Finally, line 11 shows you the most common way to get data out
of an array. Line 11 prints the array created on line 3 one array
cell at a time.
Hopefully, seeing the same data being stored and accessed in different
ways will help you understand how arrays work. Because each array
cell is really a scalar variable, you can access the data just
like any other scalar data. First, you begin the scalar variable
name with a dollar sign ($), just like any other scalar variable.
Next, because the data is stored in an array, you need to tell
Perl that the variable is an array. You do this by adding the
square brackets ([]) to the variable name. Finally, you must tell
Perl which array cell contains the scalar variable. This is done
by putting a number between the square brackets. The number defines
a particular scalar variable or array cell for Perl.
So when you want to use the data stored in an array, put a dollar
sign before the array name, square brackets after the array name,
and the array cell number between the square brackets.
Remember that arrays generally start storing data at array cell
0. This means that if there is one piece of data in the array,
it will be at $array_name[0].
The $#array_name variable
will be set to 0. If there were two pieces of data stored in the
first two array cells, they would be stored at $array_name[0]
and $array_name[1], and $#array_name
would be equal to 1. This usually confuses anyone who isn't familiar
with this convention, so don't be upset if it messed you up the
first few times. Arrays generally start counting from 0, so $#array_name
contains one less than the number of array cells but can be used
to access the last array cell.
The associative array is the third major Perl data storage container
(scalars and regular arrays are the other two). It's one of Perl's
powerful characteristics and is different from most other language
storage types. In this exercise, you'll learn how to use the associative
array, and you'll look at the difference between a regular array
and an associative array. Listing 2.5 shows an associative array.
Listing 2.5. Using associative arrays.
01: #!/usr/local/bin/perl
02:
03: %names = ("FIRST", "Jessica ", "MIDDLE", "Ann ", "LAST", "Herrmann");
04: $full_name{'first'} = "Steven ";
05: $full_name{'middle'} = "Michael ";
06: $full_name{'last'} = "Herrmann";
07:
08: print "Howdy my name is $names{'FIRST'}";
09: print "$names{'MIDDLE'}$names{'LAST'}\n";
10:
11: print "And my mixed up name is ";
12: foreach $name (keys(%full_name)){
13: print "$full_name{$name}";
14: }
15: print "\n";
Associative arrays might be a little confusing to start with.

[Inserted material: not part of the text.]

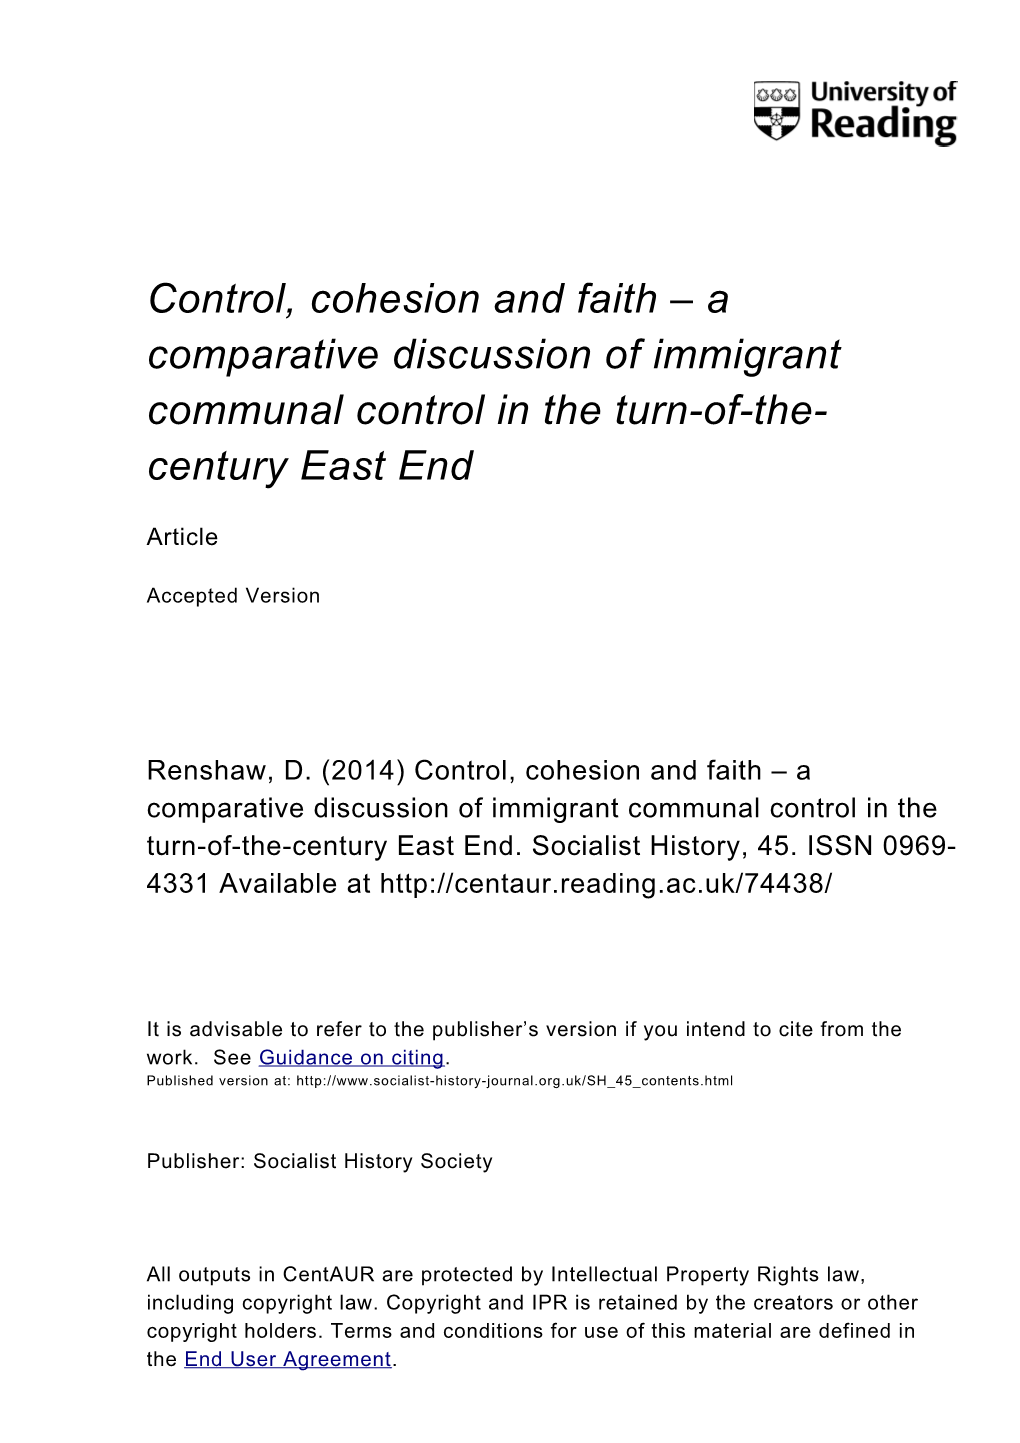 Control, Cohesion and Faith – a Comparative Discussion of Immigrant Communal Control in the Turn-Of-The- Century East End
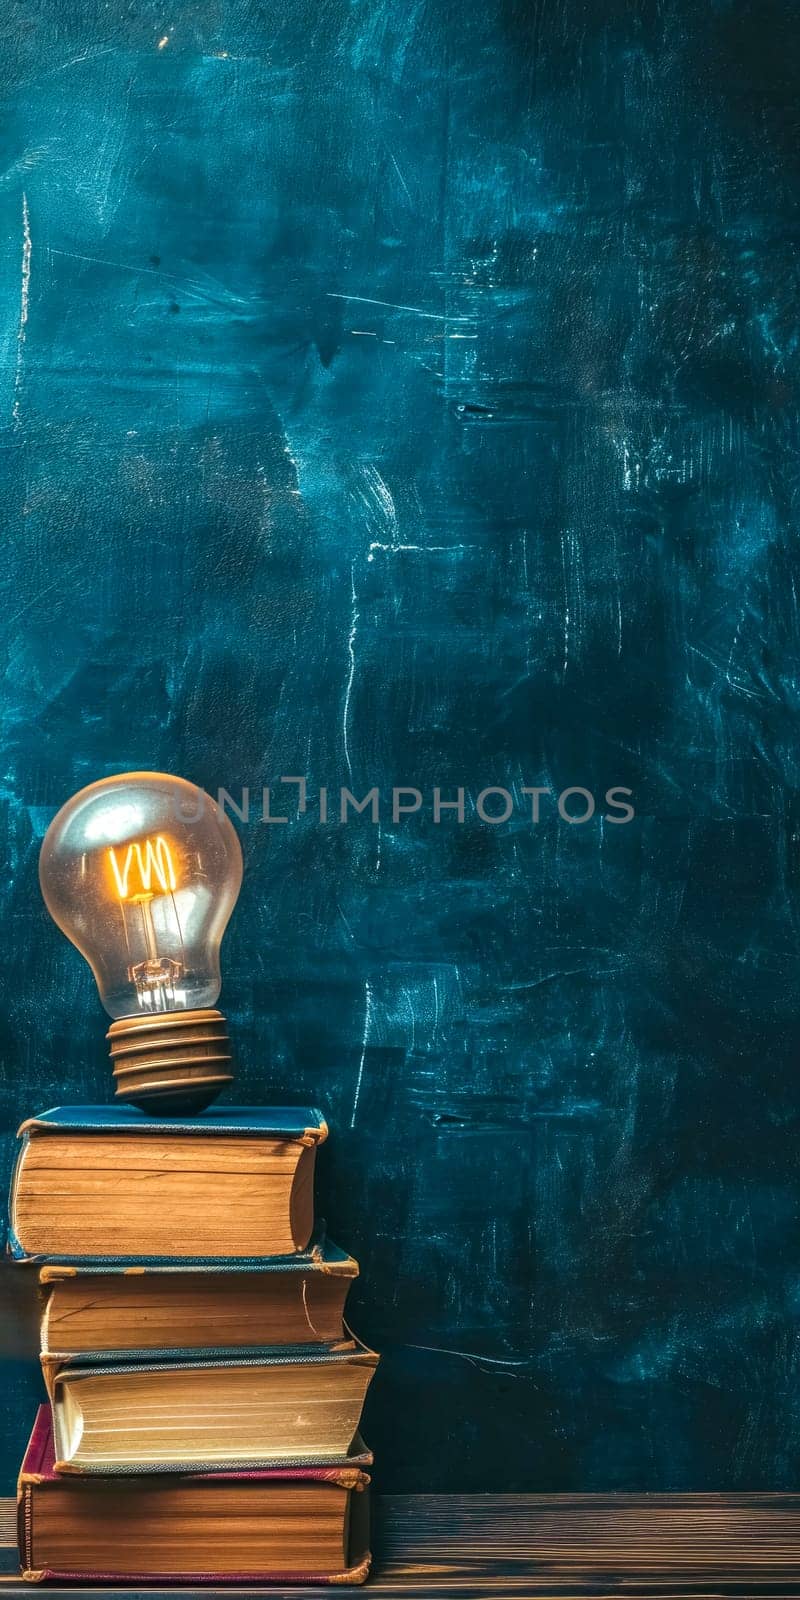 concept of inspiration and knowledge, featuring a glowing light bulb atop a stack of old books against a textured teal backdrop. vertical, copy space

Probably more so if you have done any programming. So here is
a feature where everyone who is new to programming gets a head
start on the experienced gang.
Associative arrays always begin with a percent sign (%).
The associative array is similar to the array you learned about
in Exercise 2.2, except that the array cell is identified by a
string value instead of an integer value.
| Note |
|
Identifying an array cell is called indexing into the array.
|
There are more differences between regular arrays and associative
arrays, but the way you index into them is the most important
one. You index into a regular array like this:
$array_name[number]
You index into an associative array by referencing the array cell
like this:
$array_name{"cell_name"}
Line 8 in Listing 2.5 is a good example of indexing into an associative
array. Each array cell of the %names
array is referenced by using the array cell name. The names of
the cells of the %names array
are FIRST, MIDDLE,
and LAST. The values placed
in each named cell of the %names
array are Jessica, Ann,
and Herrmann. Just because
I like repeating myself, let me restate that: FIRST
is the name of the array cell of the %names
array; the value, or data, stored into that array cell is the
string "Jessica".
The associative array is referred to by using the percent sign
(%) like this:
%names
and a cell in the array is referred to by using the dollar sign
like this:
$names{'FIRST'}
When you try Listing 2.5 for this exercise, note the different
ways illustrated on lines 3-6 to put information into an associative
array
.
| Note |
|
Putting information into any variable is called assigning data to that variable or storing data in a variable
|
.
Now take some time to look at the way Listing 2.5 assigns data
to the associative arrays %names
and %full_name. On line 3,
the associative array %names
is assigned three values and three array cell names. Array cell
names and array cell values must be paired together, as shown
on line 3. Line 3 performs the same work on the %names
array as lines 4-6 perform on the %full_name
array. Each array cell name and value pair on line
3 (FIRST, Jessica, for example)
is equivalent to one of the assignments on lines 4-6 ($full_name{'first'}
= "Steven ", for example).
On line 4, a new cell named 'first'
is created in the associative array %full_name,
and the value "Steven"
is placed or stored in that array cell. Lines 5-6 just repeat
the process.
Line 8 shows you one common way of getting the data out of associative
arrays. Each array cell is referenced by its array cell name.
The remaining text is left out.